RE: [PATCH] KVM: arm/arm64: Revert to old way of checking for device mapping in stage2_flush_ptes().

[Pavel Fedin]

 Hello!

> > > Cc: stable@vger.kernel.org
> > > Fixes: e6fab5442345 ("ARM/arm64: KVM: test properly for a PTE's uncachedness")
> > >
> >
> > That commit is not in a release yet, so no need for cc stable
> [...]
> 
> But it is cc'd to stable, so unless it is going to be nacked at review
> stage, any subsequent fixes should also be cc'd.

 Sorry guys for messing things up a bit, but the affected commit actually is in stable branch (4.4-rc3), so i decided to Cc: stable, just in case, because the breakage is quite big IMHO.

Kind regards,
Pavel Fedin
Expert Engineer
Samsung Electronics Research center Russia

Re: [PATCH] KVM: arm/arm64: Revert to old way of checking for device mapping in stage2_flush_ptes().

[Ard Biesheuvel]

On 4 December 2015 at 02:58, Ben Hutchings <ben@decadent.org.uk> wrote:
> On Wed, 2015-12-02 at 18:41 +0100, Ard Biesheuvel wrote:
>> Hi Pavel,
>>
>> Thanks for getting to the bottom of this.
>>
>> On 1 December 2015 at 14:03, Pavel Fedin <p.fedin@samsung.com> wrote:
>> > This function takes stage-II physical addresses (A.K.A. IPA), on input, not
>> > real physical addresses.
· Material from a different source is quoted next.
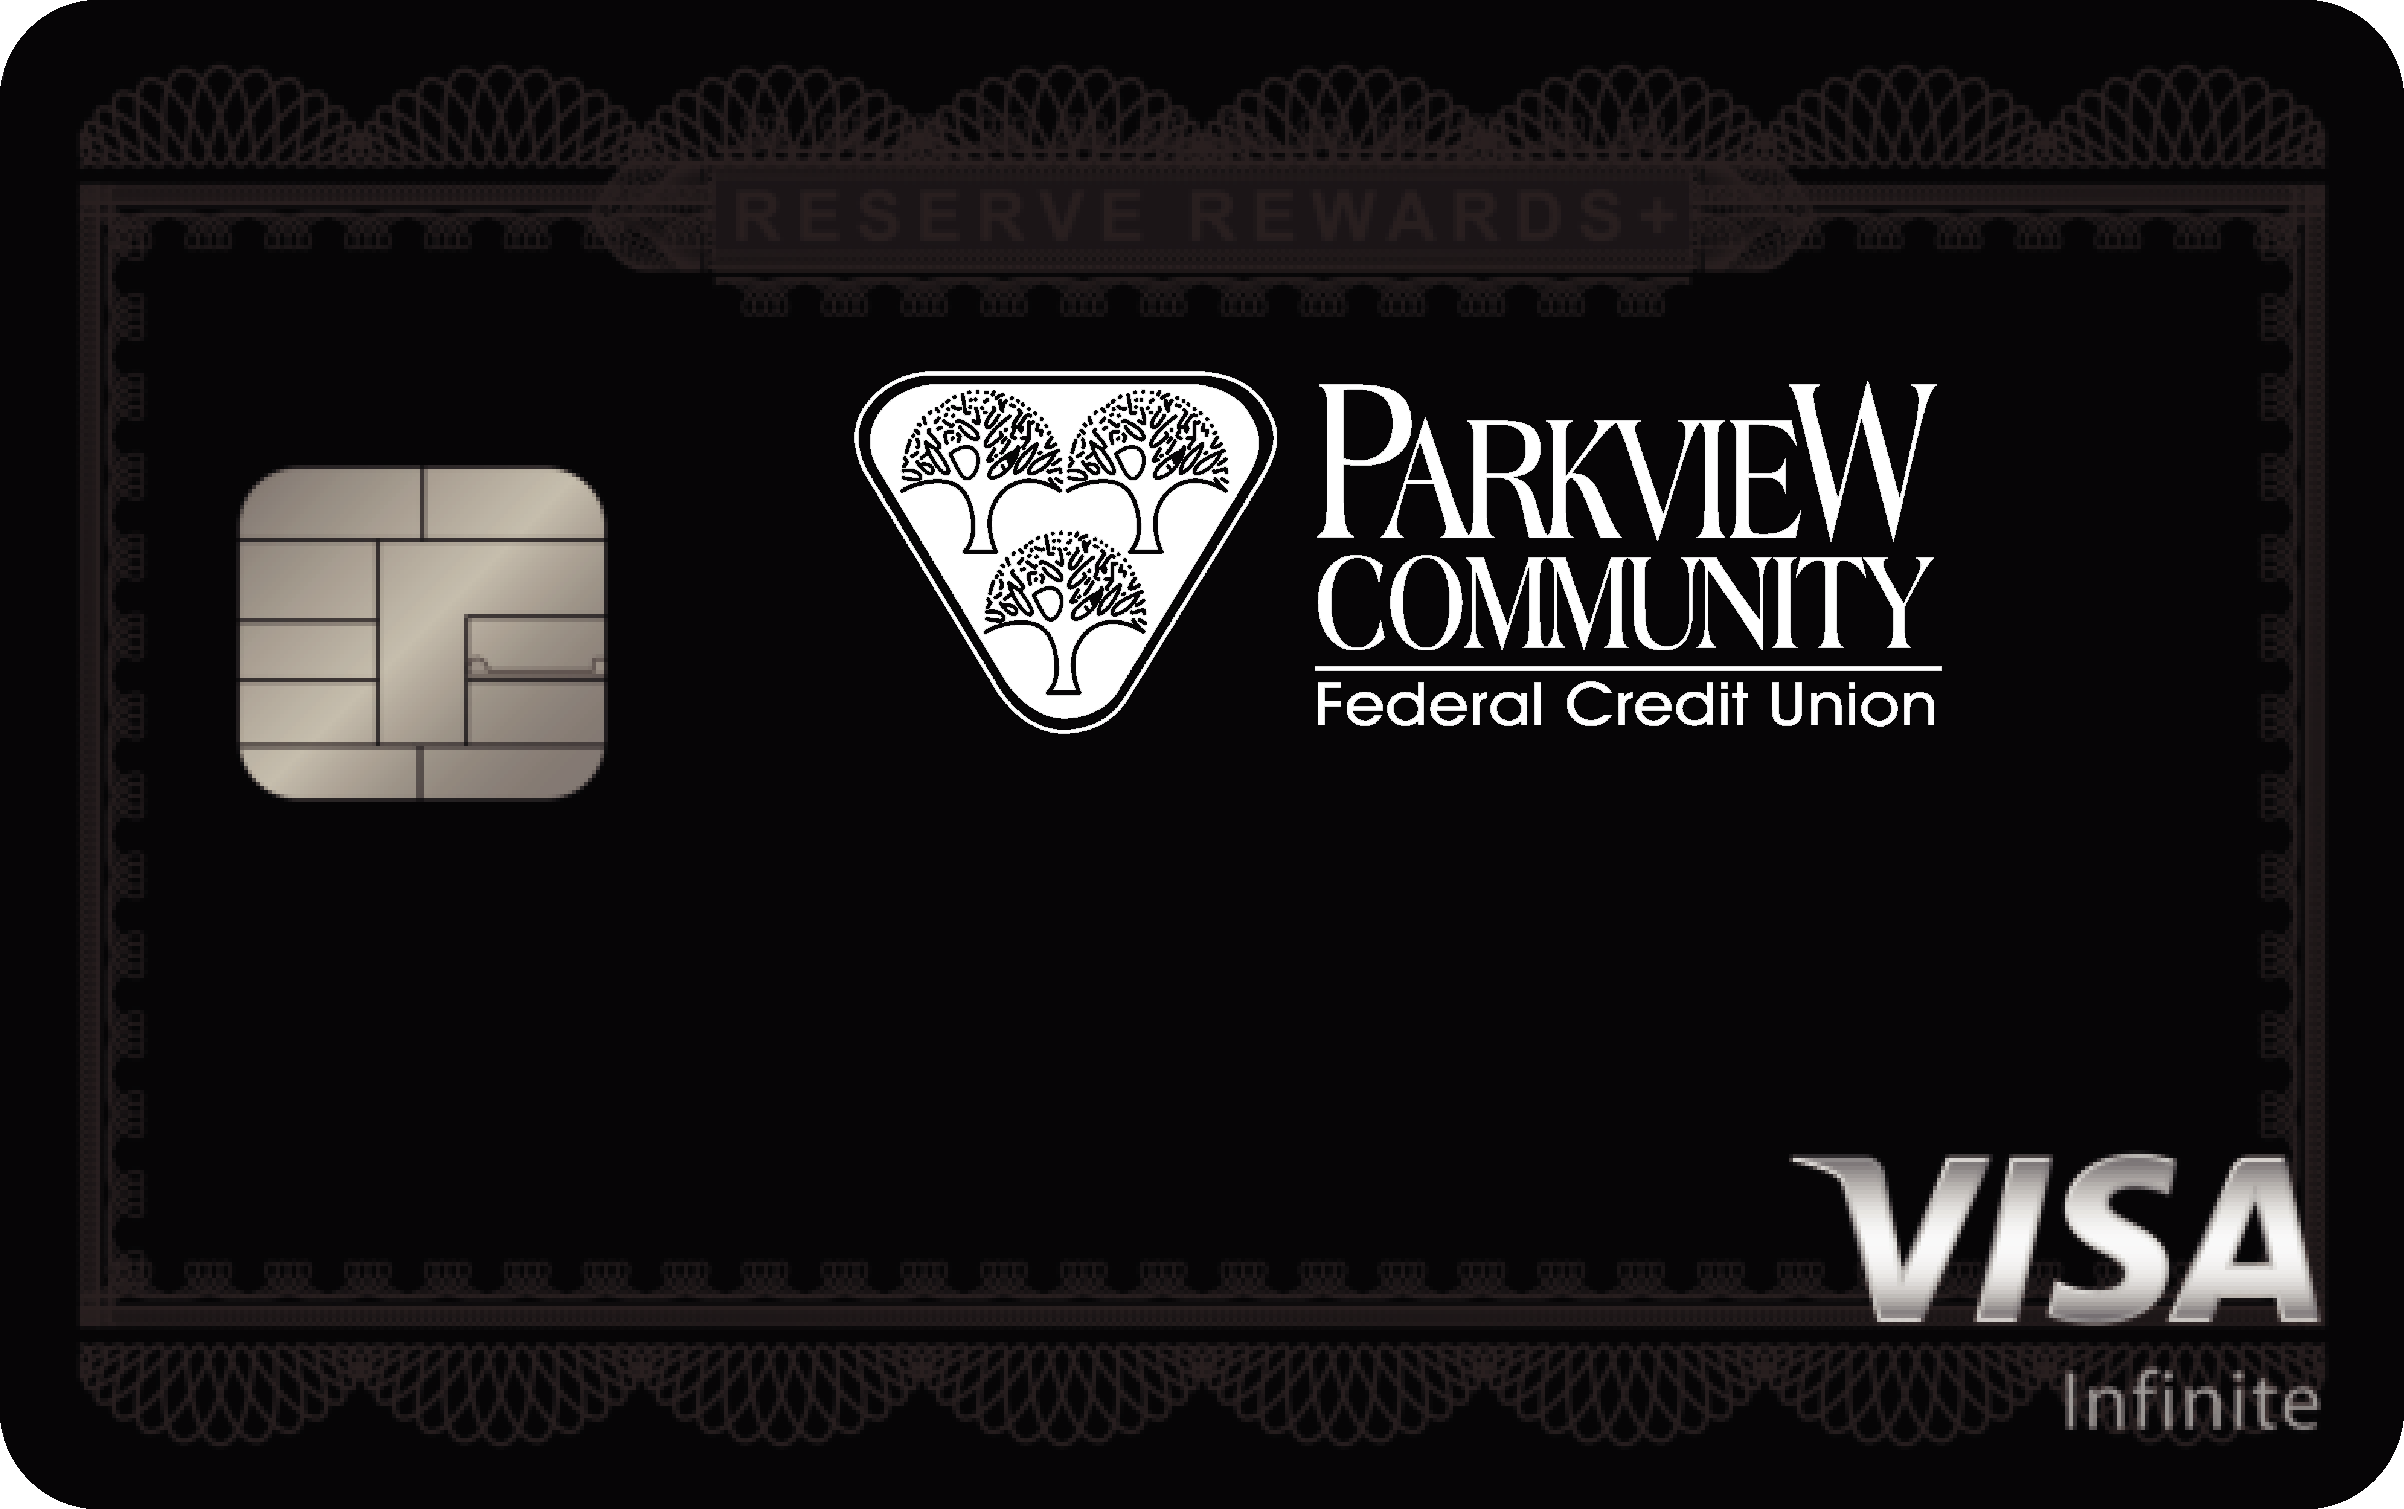 Parkview Community Federal Credit Union

This causes kvm_is_device_pfn() to return wrong
>> > values, depending on how much guest and host memory maps match. This
>> > results in completely broken KVM on some boards. The problem has been
>> > caught on Samsung proprietary hardware.
>> >
>> > Cc: stable@vger.kernel.org
>> > Fixes: e6fab5442345 ("ARM/arm64: KVM: test properly for a PTE's uncachedness")
>> >
>>
>> That commit is not in a release yet, so no need for cc stable
> [...]
>
> But it is cc'd to stable, so unless it is going to be nacked at review
> stage, any subsequent fixes should also be cc'd.
>

Ah yes, thanks for pointing that out.

But please, don't cc your proposed patches straight to
stable@vger.kernel.org. I usually leave it up to the maintainer that
merges the patch to add the Cc: line to the commit log.